Collected material —
┄┄┄┄┄┄┄┄┄┄┄┄┄┄┄┄┄┄┄┄

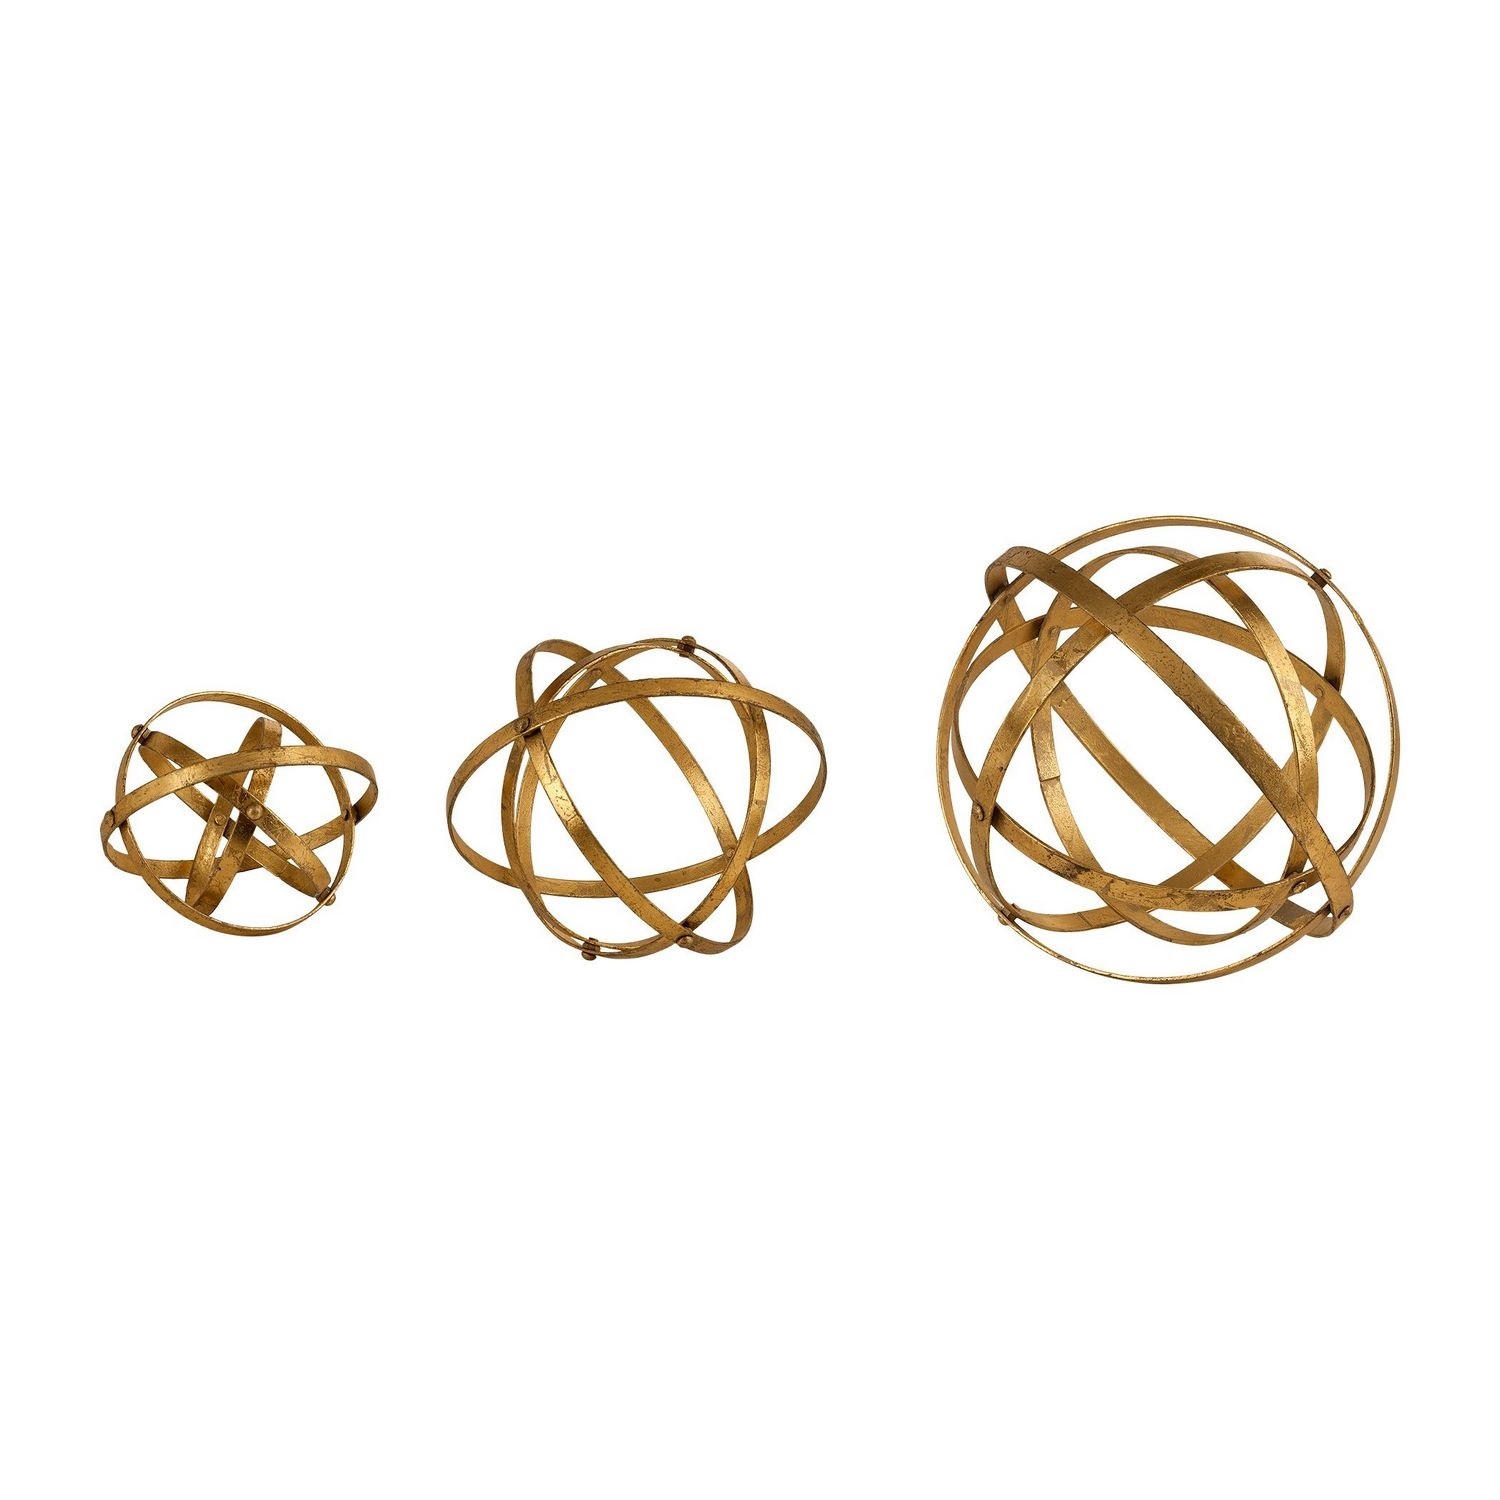 Uttermost Stetson Spheres - Set of 3 - Gold
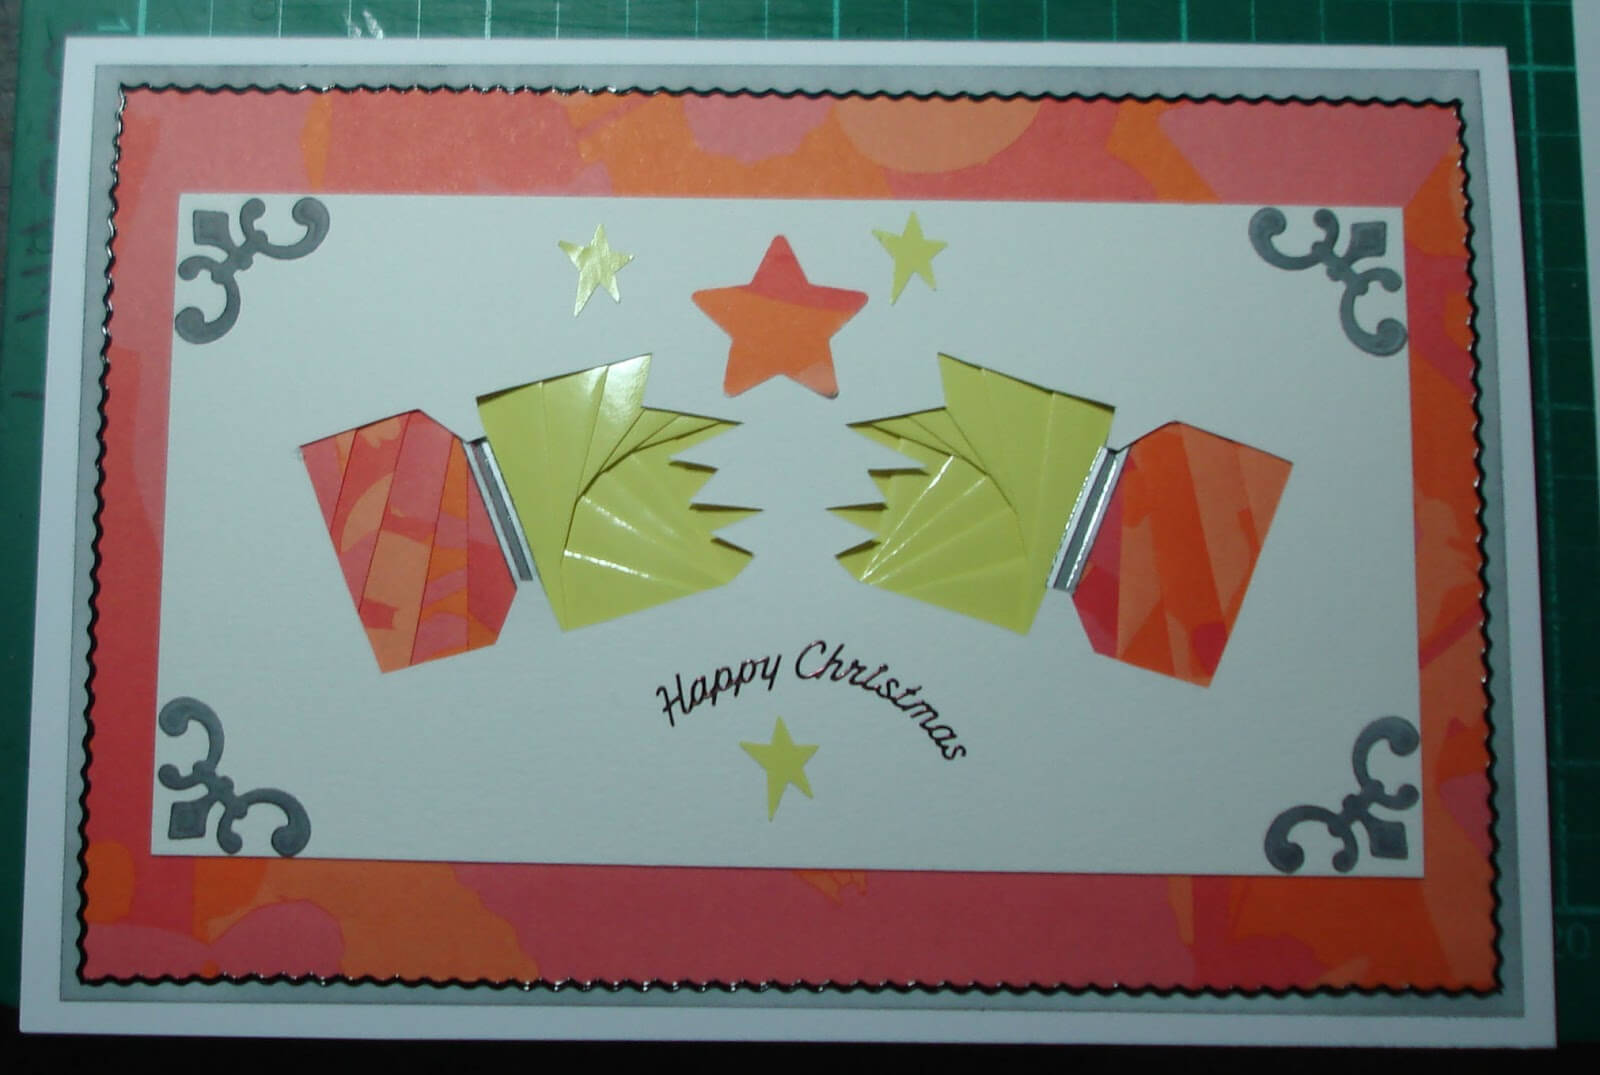 Lorraine Lives Here: Iris Folding Christmas Cracker Intended For Iris Folding Christmas Cards Templates
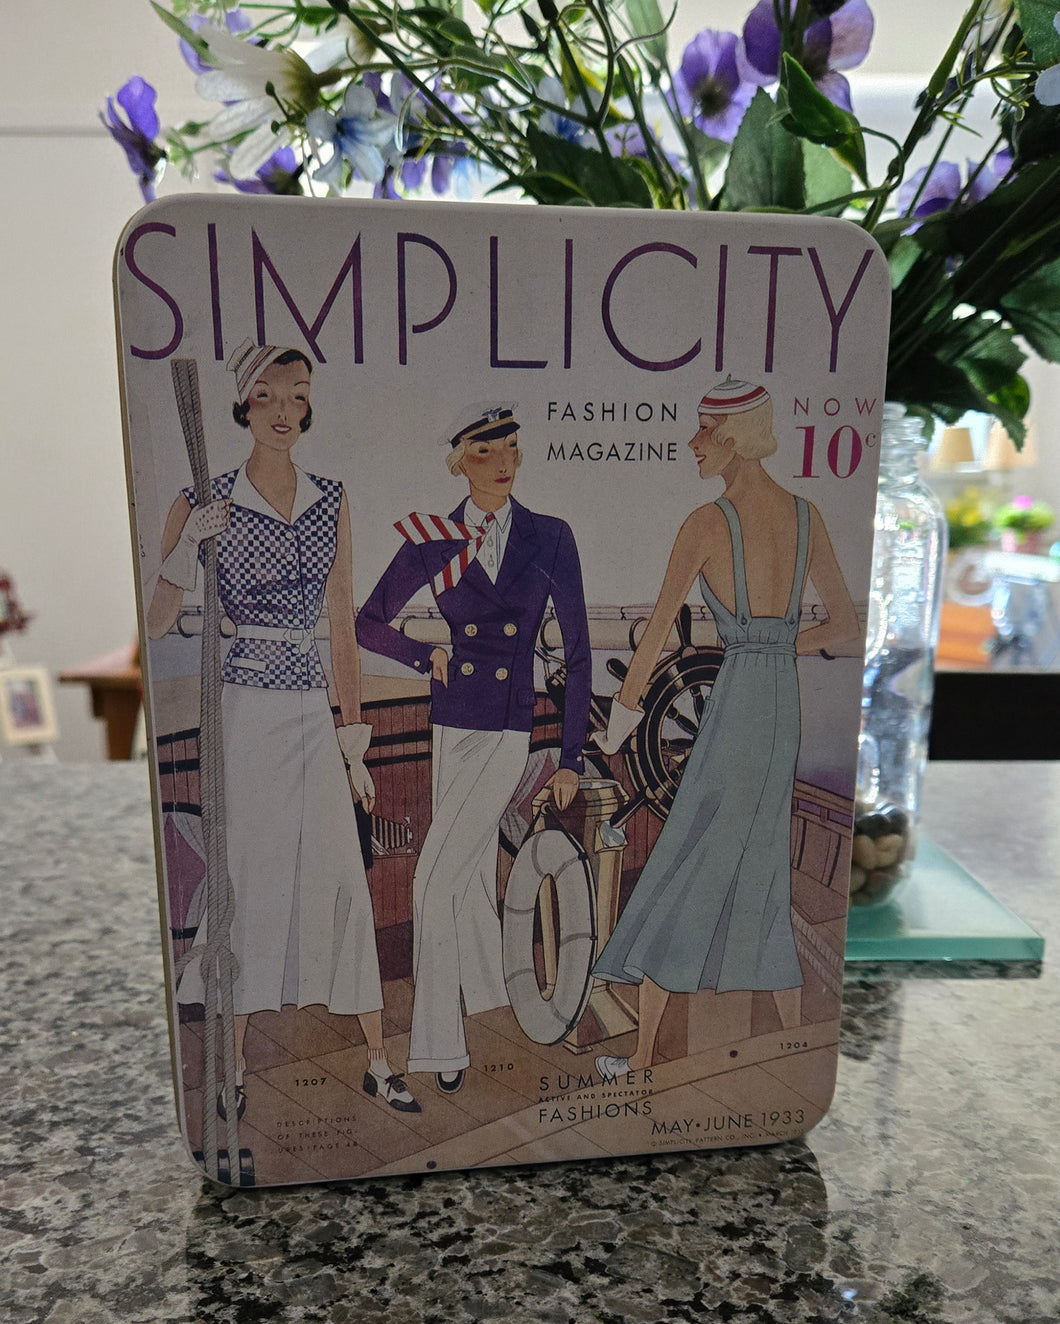 Simplicity Magazine

┄┄┄┄┄┄┄┄┄┄┄┄┄┄┄┄┄┄┄┄

Skip every picture and retype only the lines from the line with "Lorraine Lives Here: Iris" through the last line of the listing, both ends included, exactly as they appear.

Output for this task —
 Lorraine Lives Here: Iris Folding Christmas Cracker Intended For Iris Folding Christmas Cards Templates
 Simplicity Magazine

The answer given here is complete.